Open in new tab Download slide

(A) Schematic explanation of our shortest-path enhancement algorithm on Hi-C maps: the low-confidence long-range contact between sites i and j (white dot) is enhanced using the information on shorter-range higher-confidence contacts (black dots) with intermediary nodes (here k). On the contact graph, the shortest path between i and j goes through k, and the enhanced contact value is related to its length. (B) Contact probability curve P(s) of ESCs from their Hi-C map downsampled to 10% of contacts. The blue points display the contact probability curve from the downsampled map. Yellow line displays the curve after information enhancement by means of our shortest-path method. The red line displays the improved contact probability curve at the end of Boost-HiC algorithm, including the step of re-normalization. (C)–(F) Panels display SCN-normalized contact maps (mESC, for a region on chromosome 16 located between 100 kb and 29.8 Mb) at different downsampling ratios: 100, 10, 1 and 0.1% of contacts retained. The SCN normalization applied with the L1 norm ensures that the sum of each line and column is converging to one. The same colour map can be used for all maps. Upper triangular parts display the raw contact map at different downsampling ratios. Lower triangular parts show the map improvement after implementation of Boost-HiC. Colourmap in log10 scale. (G) Spearman rank correlation (in red) between the initial contact map (100%) and downsampled-then-enhanced maps for different downsampling ratios, as a function of the parameter a used in Boost-HiC algorithm. The blue line shows the fraction of updated elements between the downsampled map and the boosted map. From top to bottom, we consider downsampling to 10, 1 and 0.1% of the initial contacts. The shaded beige regions, manually determined, emphasize the optimal ranges for α. (Color version of this figure is available at Bioinformatics online.)

2 Materials and methods

2.1 Hi-C sequence alignment

We used a previously published dataset (Bonev et al., 2017) from mouse embryonic stem cells (ESCs) and cortical neurons (CN) available as GSE96107. Hi-C reads were processed using the mm9 reference genome with HiC-Pro (Servant et al., 2015). Bowtie2 (Langmead and Salzberg, 2012) was used with default pipeline parameter—very-sensitive -L 30 –score-min L,-0.6,-0.2 –end-to-end –reorder. We analyzed replicates for each dataset at a resolution of 10 kb separately, before merging them at the end of the HiC-Pro pipeline. This merged array defines the raw contact map, M.

2.2 Hi-C filtering

The finite experimental resolution amounts to discretize the genome into bins of size equal to the resolution. For each bin, the number of contacts involving a genomic locus in the bin was computed, henceforth termed the contact count of the bin. Hi-C maps were then filtered in two steps. First, bins with vanishing contact counts were removed. In a second step, the distribution of non-zero contact counts was fitted using a Gaussian Kernel Density function (Pedregosa et al., 2011) with parameter kernel=‘gaussian’, bandwidth = 2000. Since Gaussian Kernel Density function returns the logarithm of the distribution, we took the exponential of the output. The resulting distribution was then used to identify bins for which the contact count has a value below 5% and above 95% of the mean contact count. These bins were removed from the contact map. Filtered datasets were finally normalized using the Sequential Component Normalization (SCN, Cournac et al., 2012) so that the L1-norm of each column/line =1. The component C_ij of the resulting SCN-normalized matrix, henceforth termed the normalized contact count, is the conditional probability that the fragment i establishes a contact with fragment j given that it establishes one contact. Note that this normalization produces contact maps that can be compared and plotted with the same colour-scale.

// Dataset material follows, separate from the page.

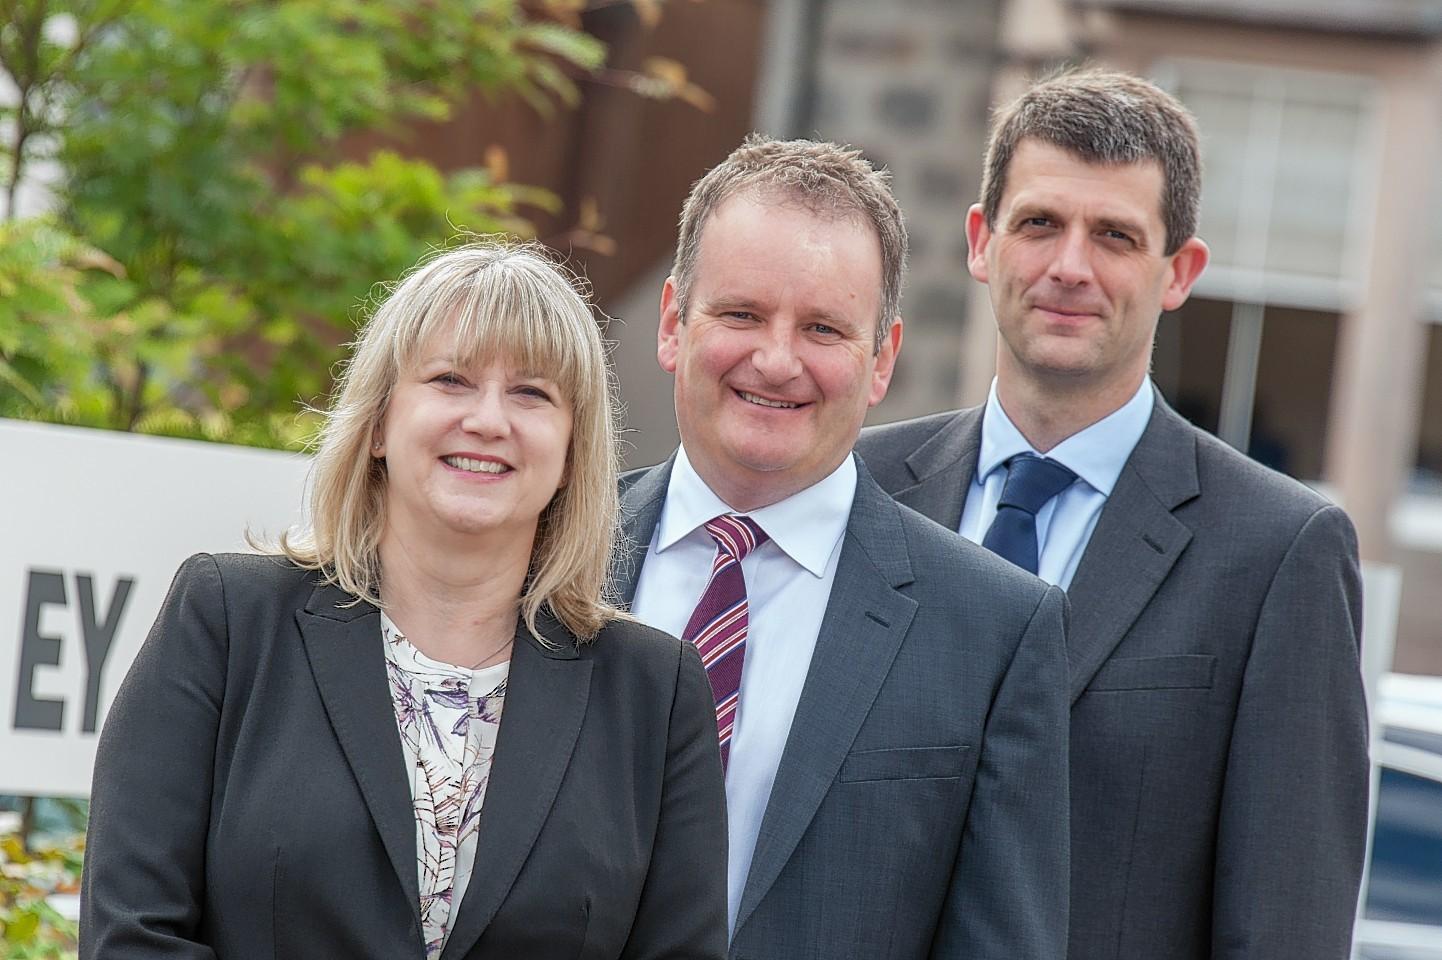 New Aberdeen EY partners Heather Smallwood and Jamie Dixon with Aberdeen senior partner Derek Leith (centre)

2.3 Contact probability curve

The contact probability curve P(s) as a function of the genomic distance s is computed as the mean normalized contact count along the secondary diagonal located at a distance s from the main diagonal. Since there are less contacts between bins which are more distant along the genome than between closer ones, contacts are averaged over a number of diagonals that increases with s according to a geometric progression (log-binning) of scale factor 1.01. When necessary, we denote $P_{C} (s)$ the contact probability curve associated with the (normalized) contact map C.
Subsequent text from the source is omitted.